■ **TRY IT**
Quote every line of the data below as it stands, omitting pictures.

■ **GIVEN MATERIAL**
———

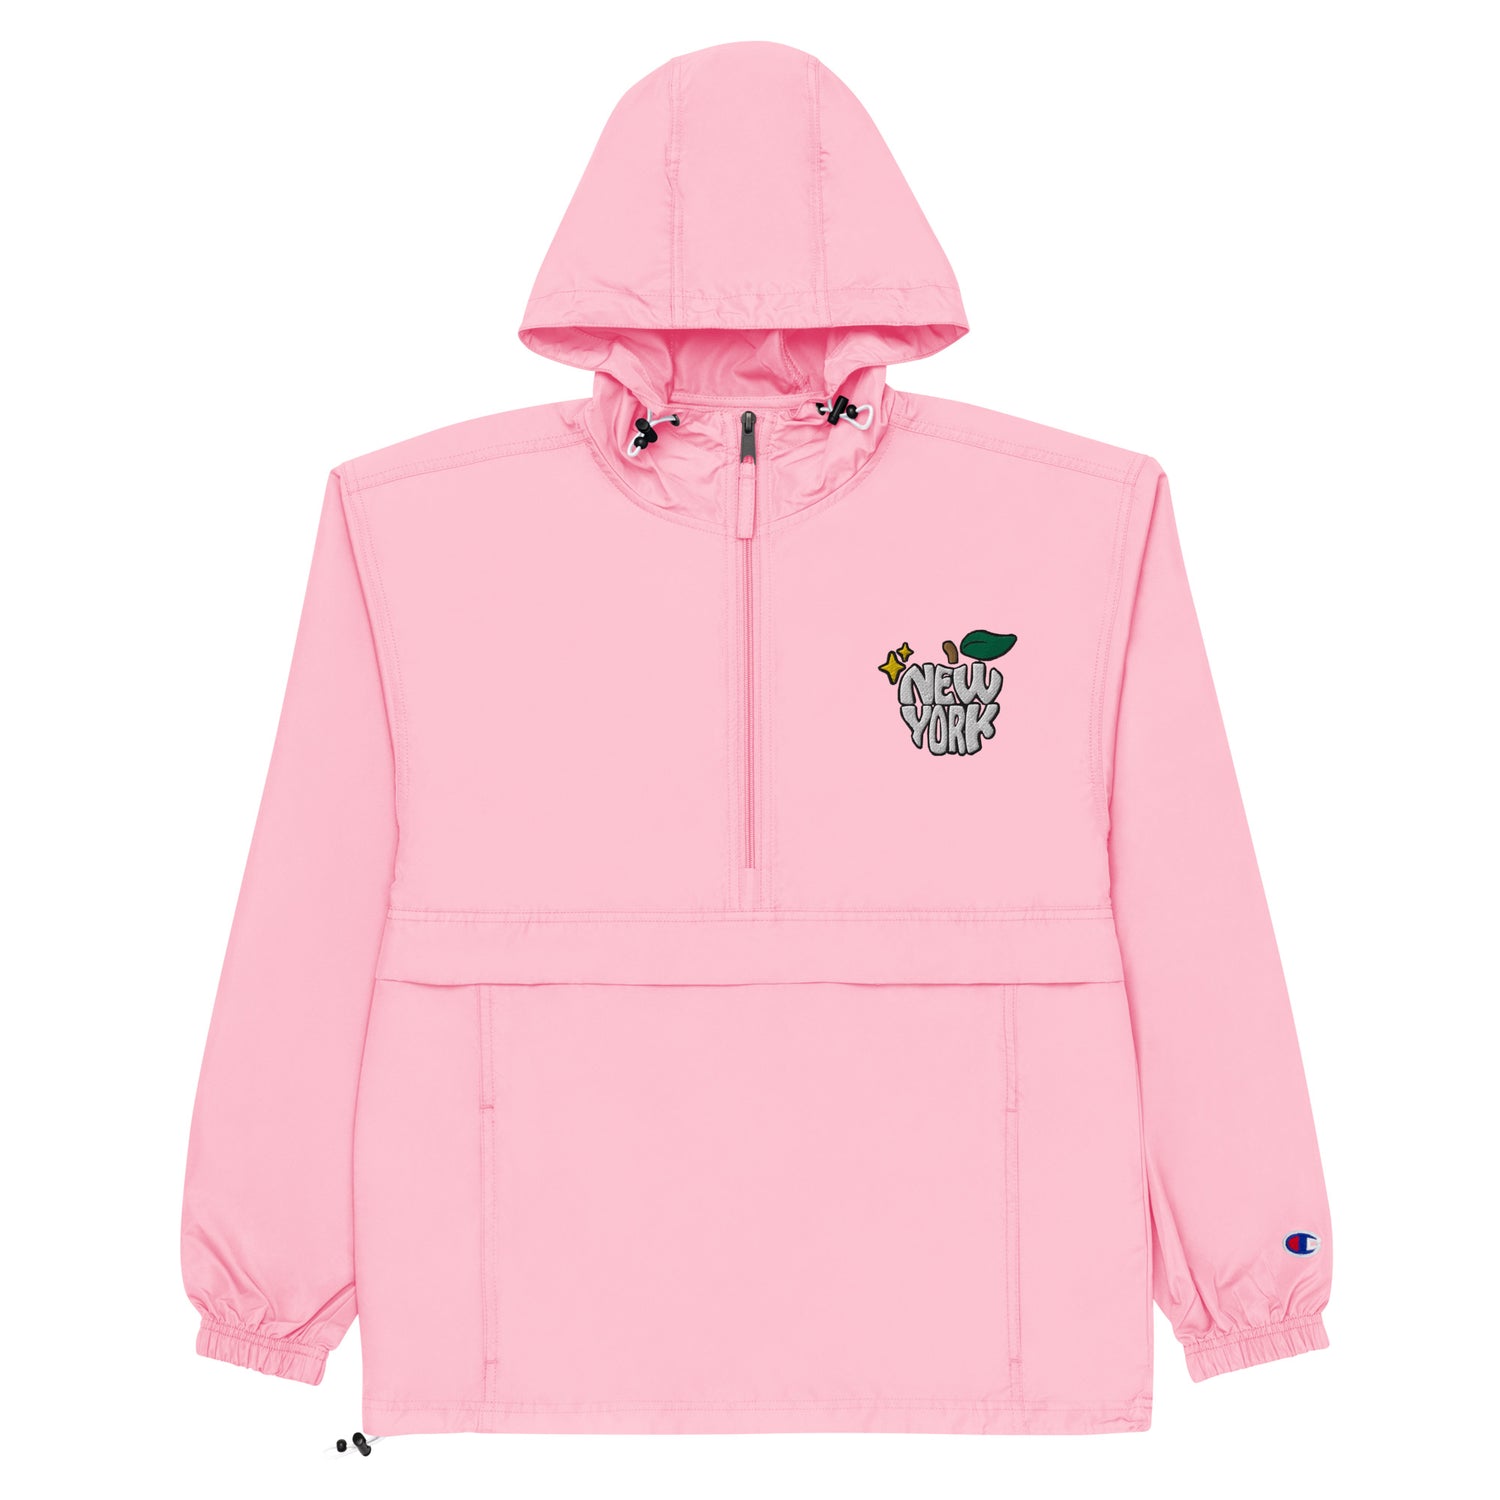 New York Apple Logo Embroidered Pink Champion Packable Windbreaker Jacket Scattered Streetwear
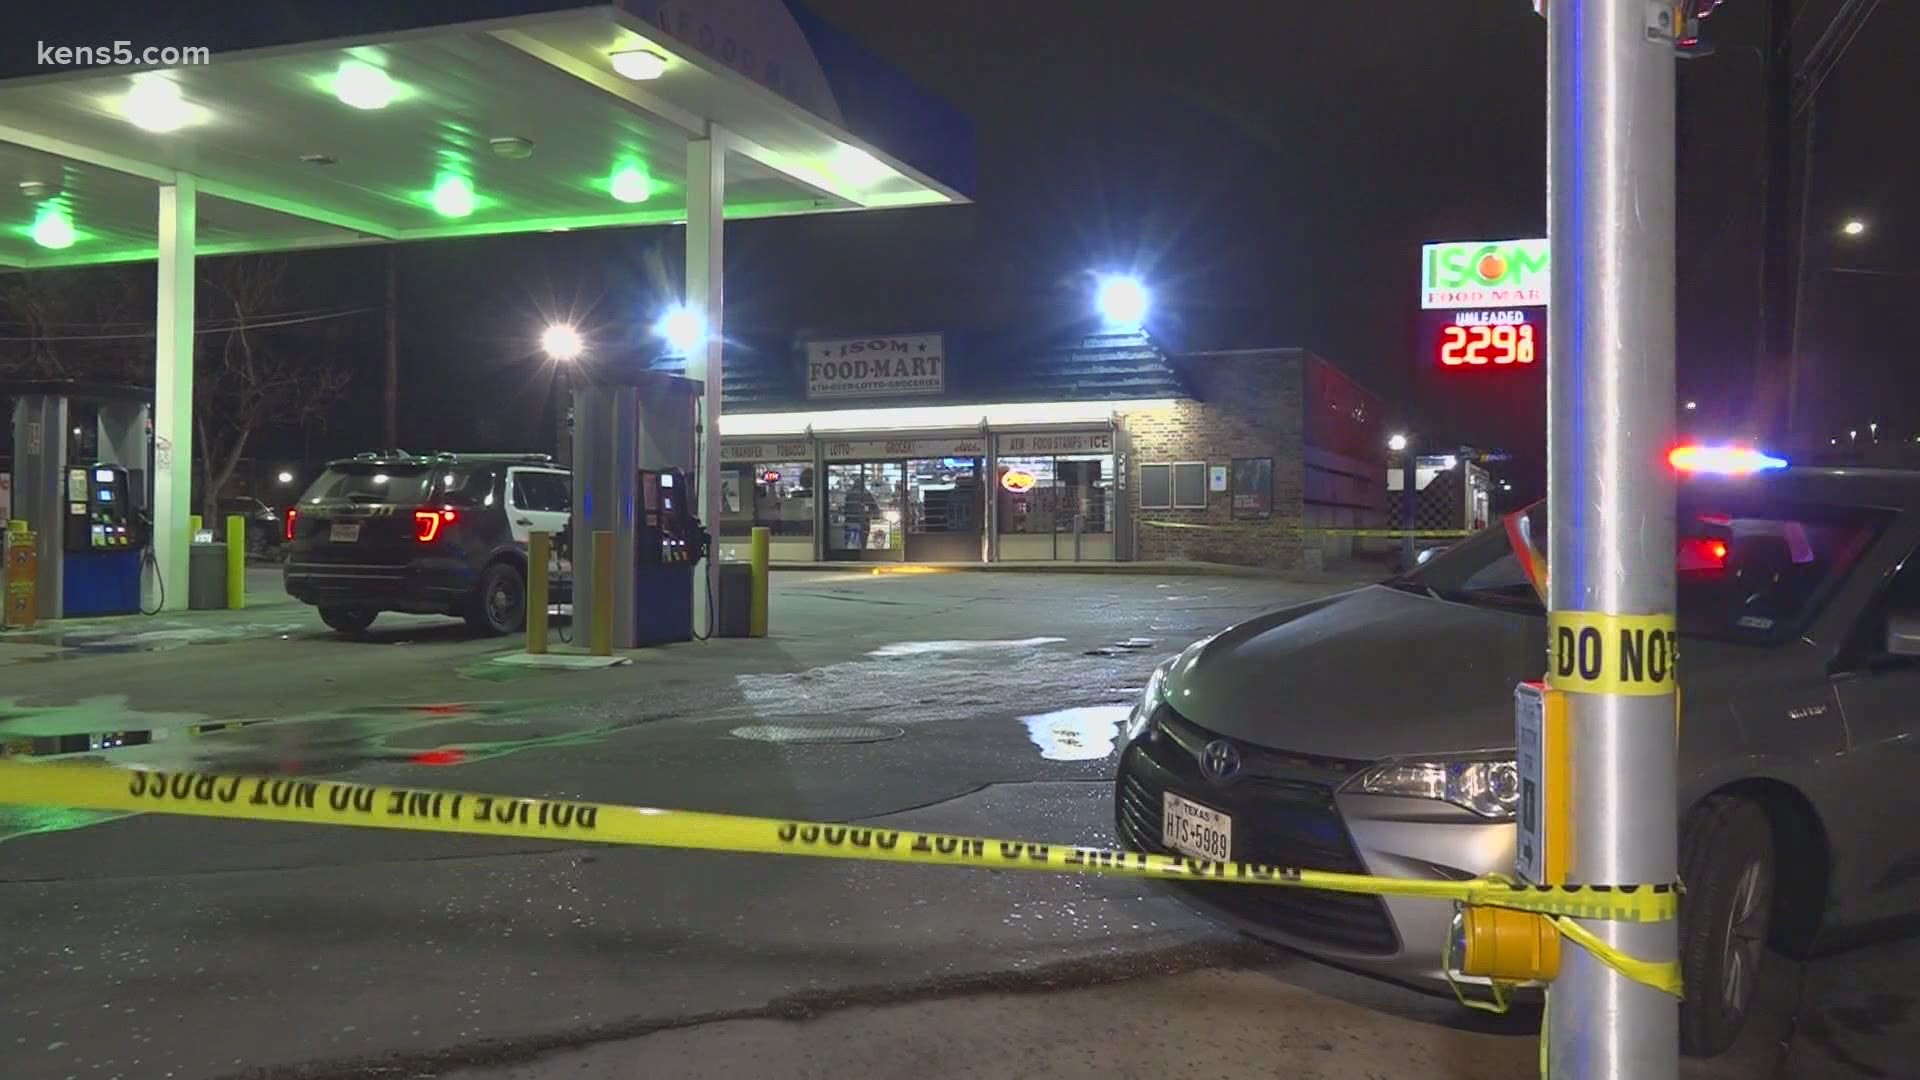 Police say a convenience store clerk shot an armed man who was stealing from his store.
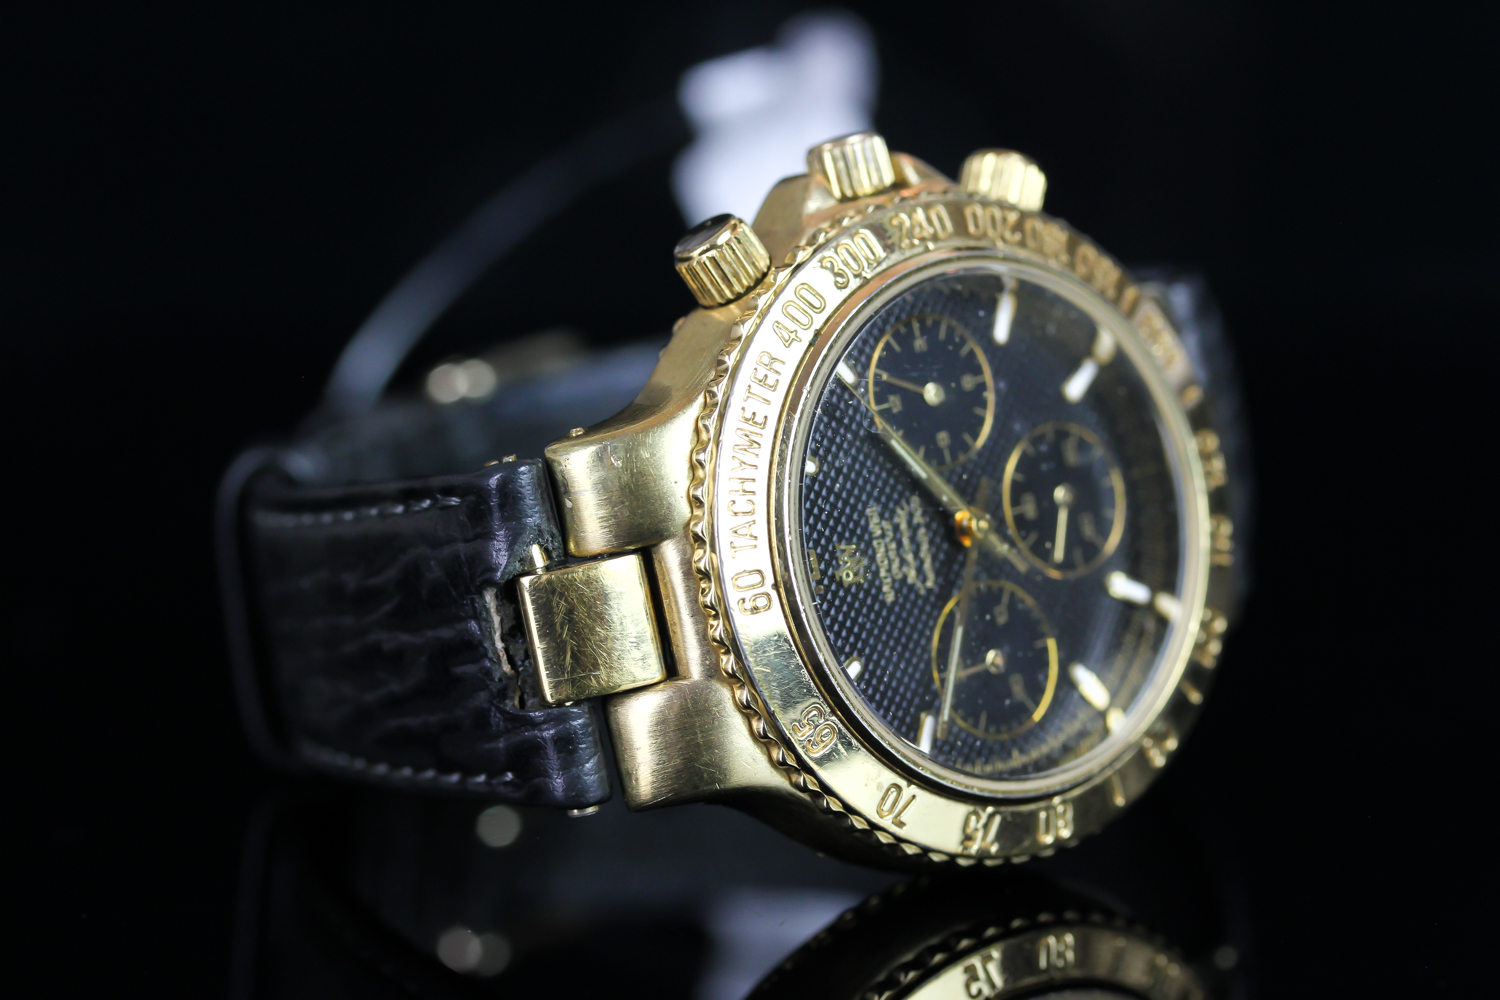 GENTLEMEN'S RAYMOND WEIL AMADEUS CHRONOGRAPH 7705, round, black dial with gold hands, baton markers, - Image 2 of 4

———

■ **ANSWER TO THIS PROBLEM**
 New York Apple Logo Embroidered Pink Champion Packable Windbreaker Jacket Scattered Streetwear
 Police say a convenience store clerk shot an armed man who was stealing from his store.
 GENTLEMEN'S RAYMOND WEIL AMADEUS CHRONOGRAPH 7705, round, black dial with gold hands, baton markers, - Image 2 of 4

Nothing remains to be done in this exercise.